- What is required: Pictures in the records below must be left out. Return exactly the lines from the line with "Very beautiful system" to the line with "A central drawer", both included.

- Given data:
▽
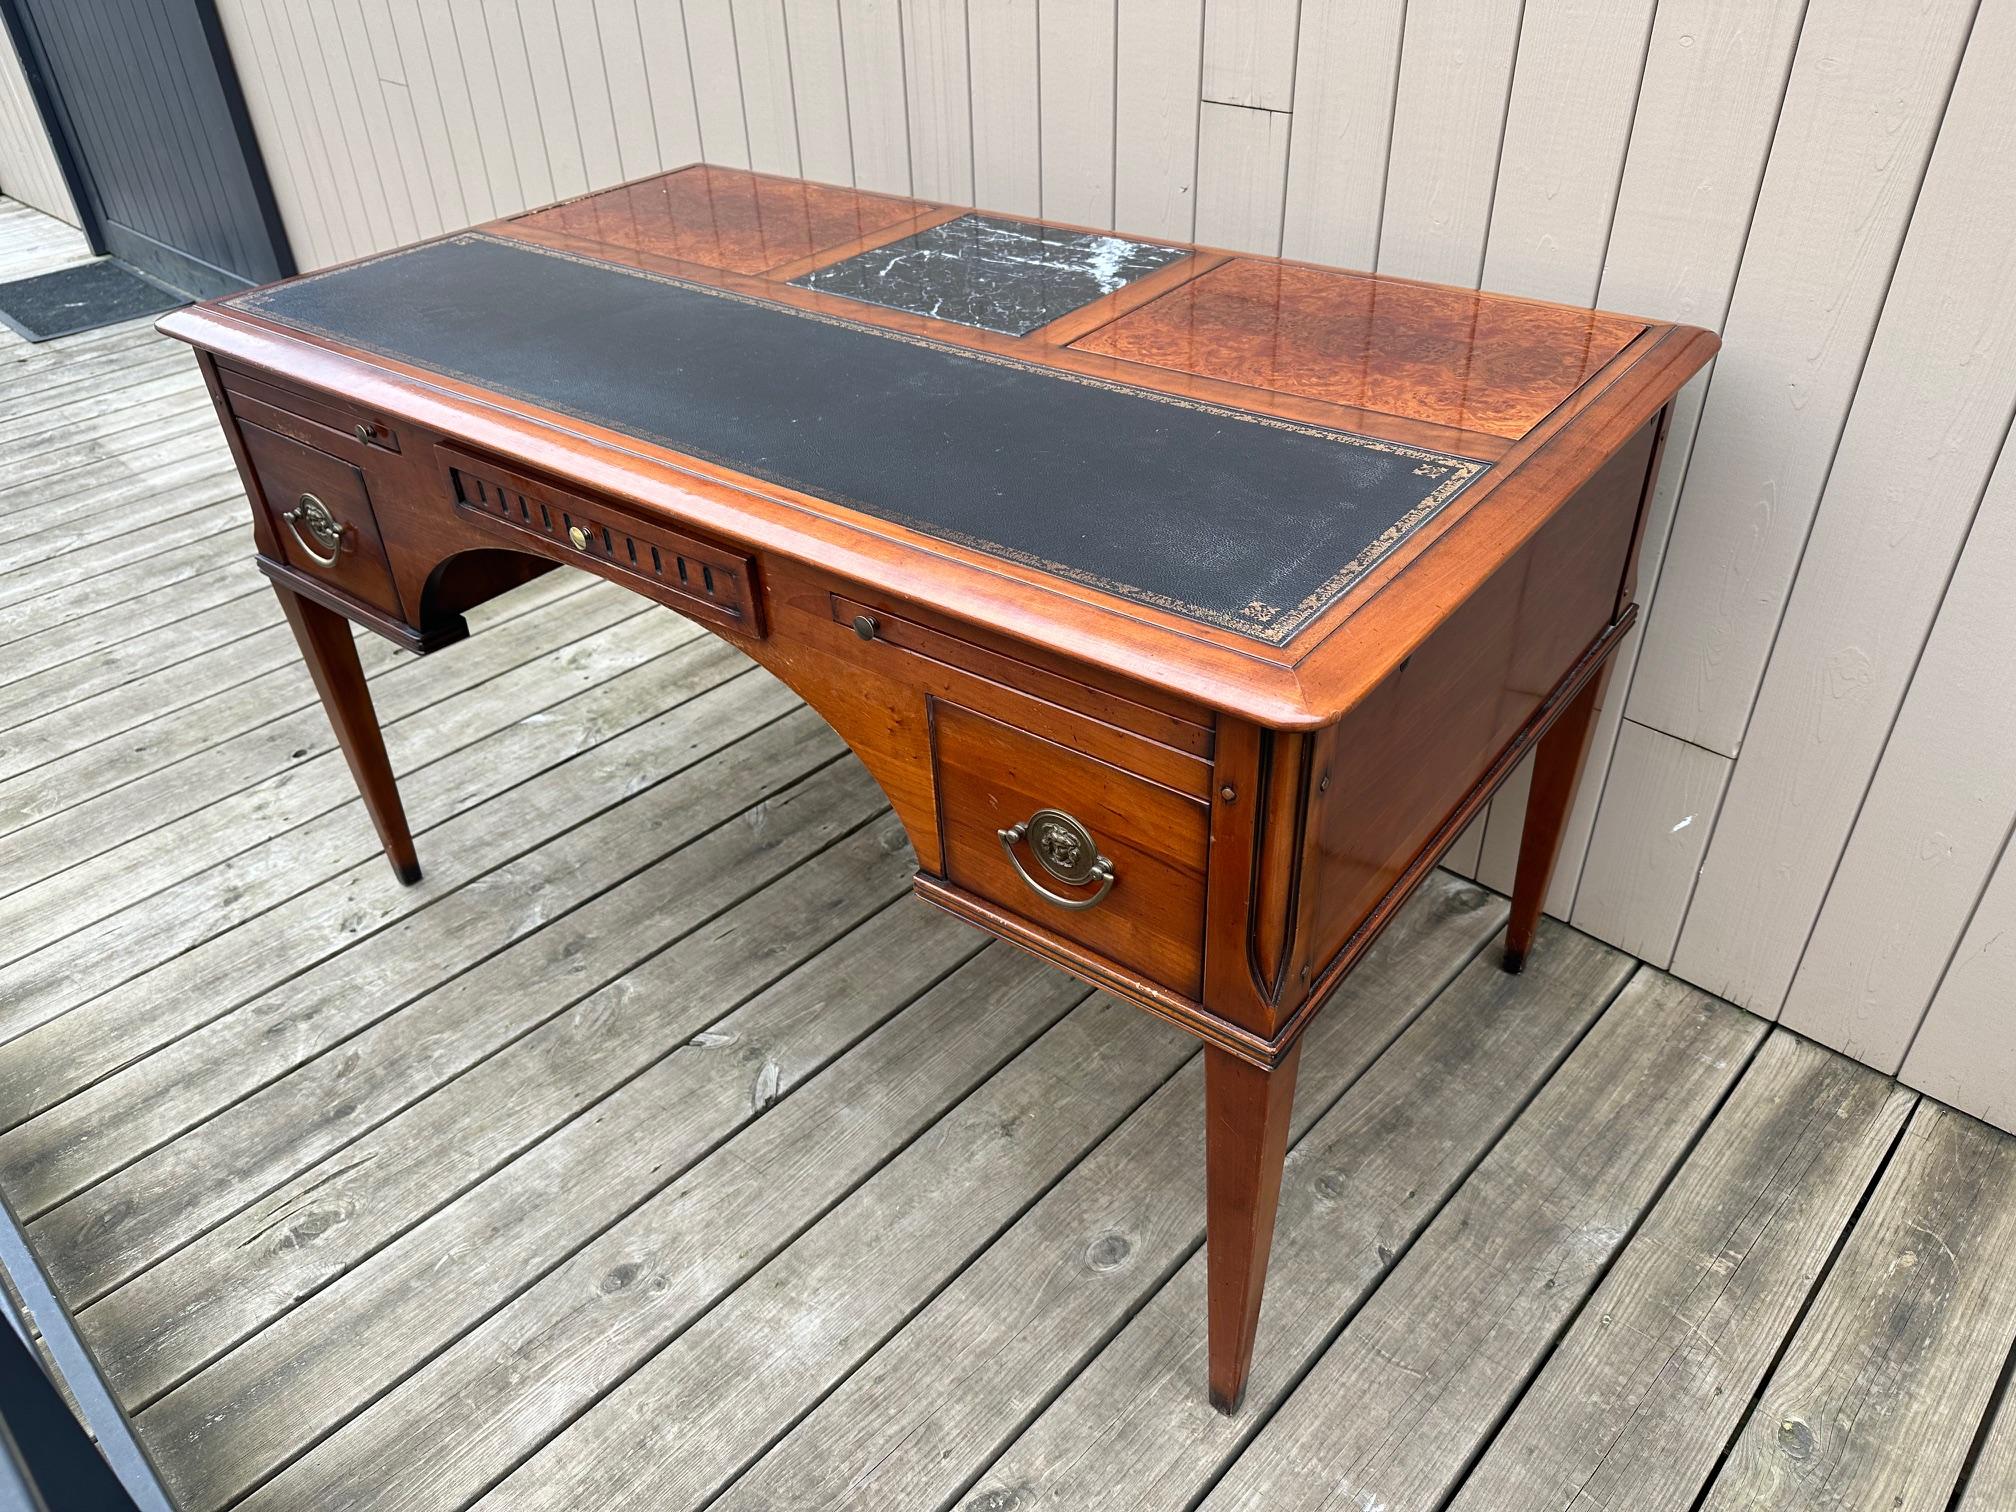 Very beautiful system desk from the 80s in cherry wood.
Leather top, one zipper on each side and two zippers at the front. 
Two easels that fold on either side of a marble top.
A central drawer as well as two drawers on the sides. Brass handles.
△
▽
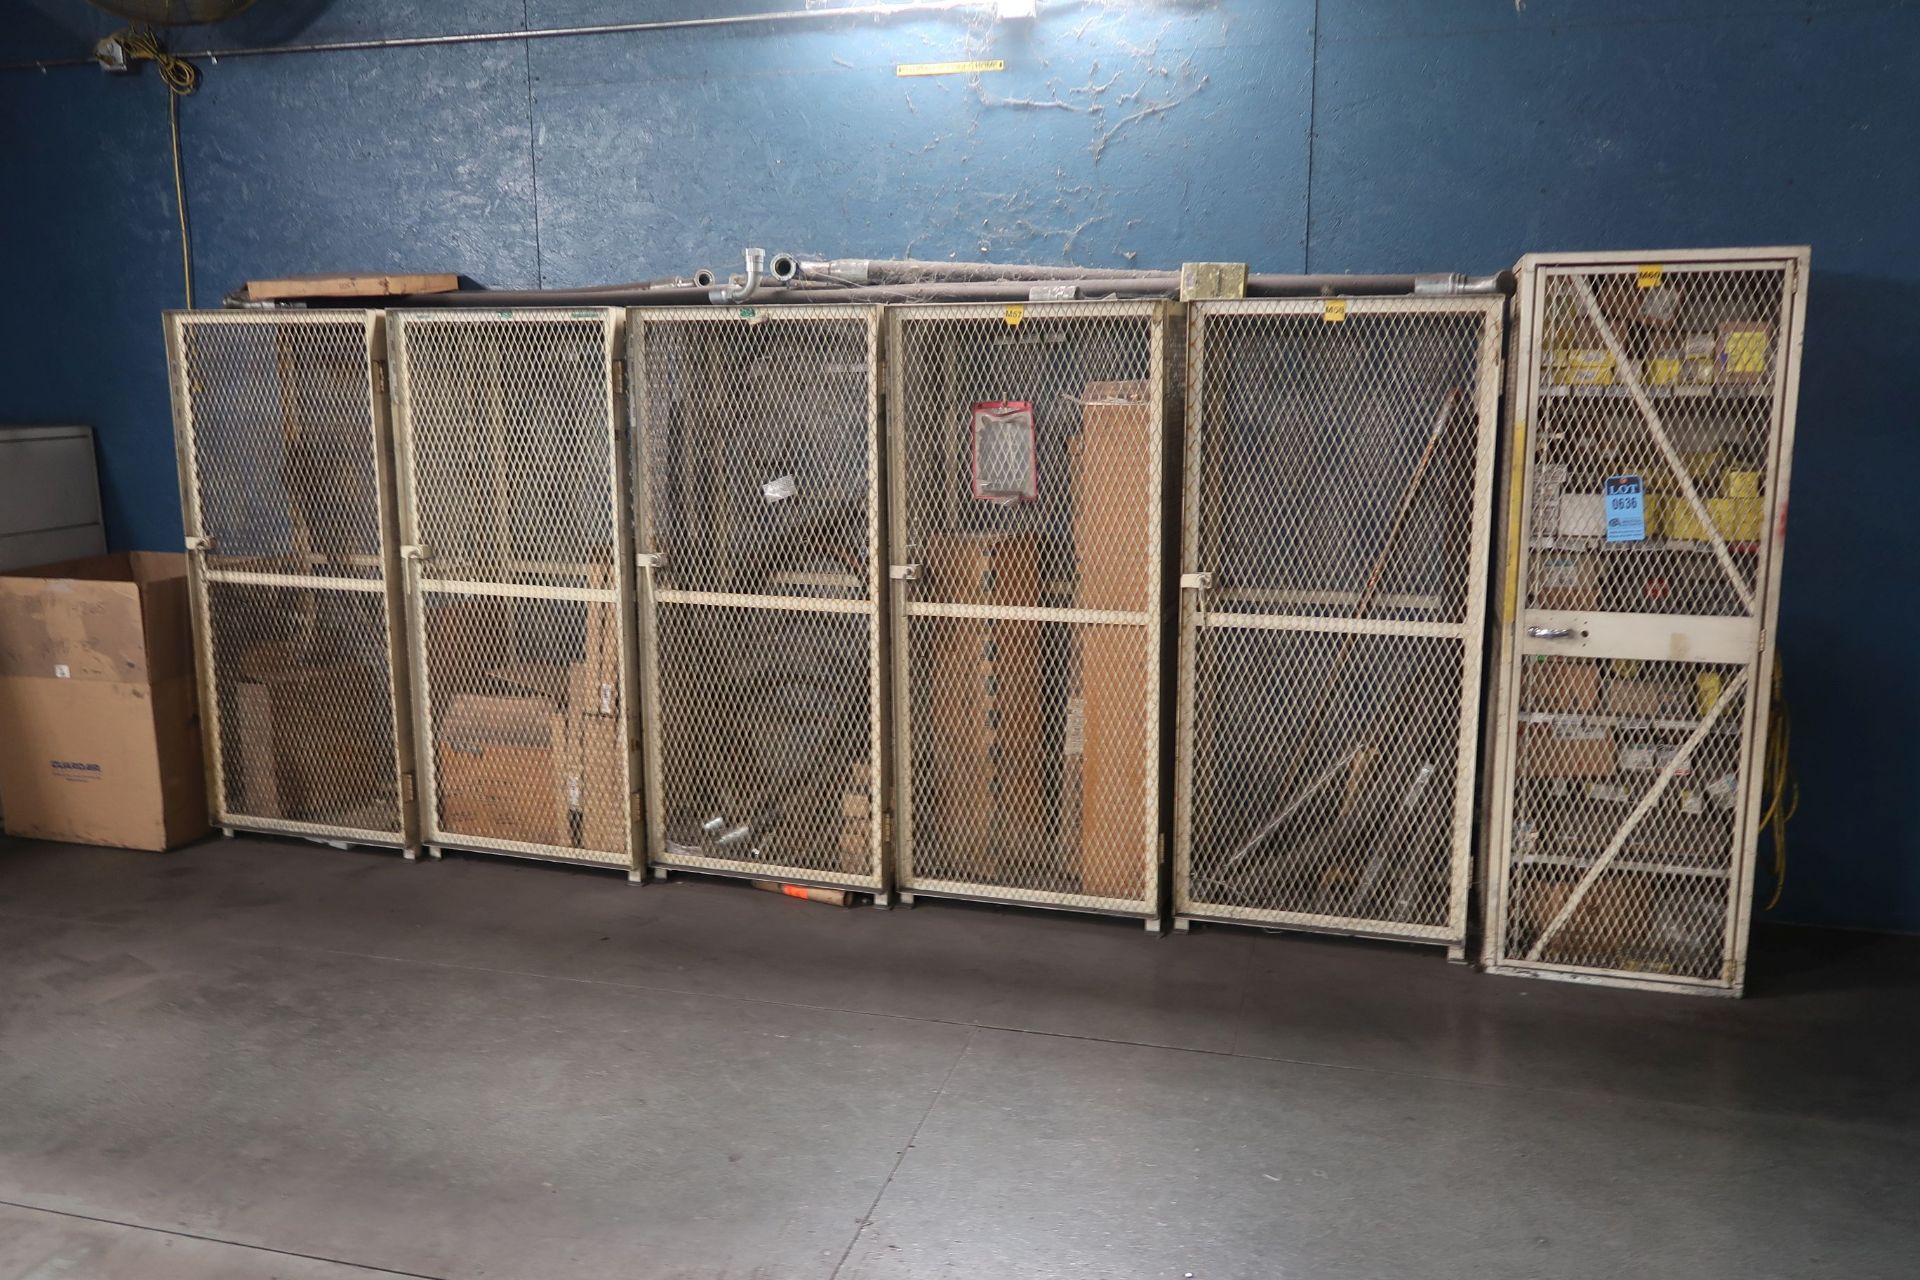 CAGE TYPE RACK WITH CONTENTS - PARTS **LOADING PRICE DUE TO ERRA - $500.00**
△
▽
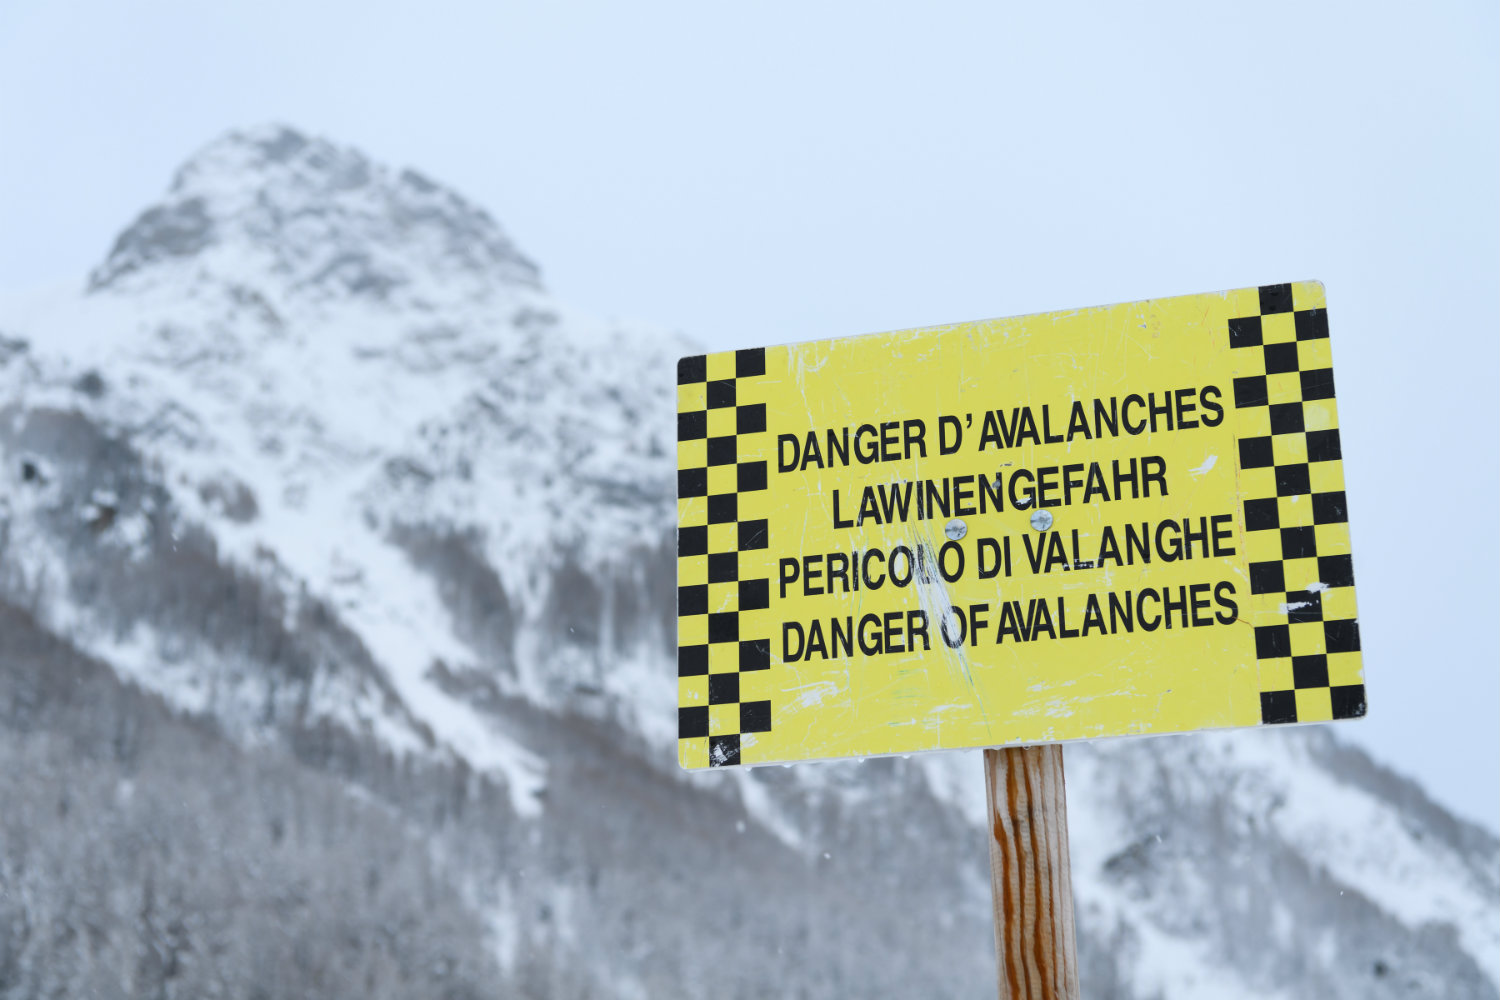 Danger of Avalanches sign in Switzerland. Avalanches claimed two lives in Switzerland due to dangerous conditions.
△
- Output:
 Very beautiful system desk from the 80s in cherry wood.
Leather top, one zipper on each side and two zippers at the front. 
Two easels that fold on either side of a marble top.
A central drawer as well as two drawers on the sides. Brass handles.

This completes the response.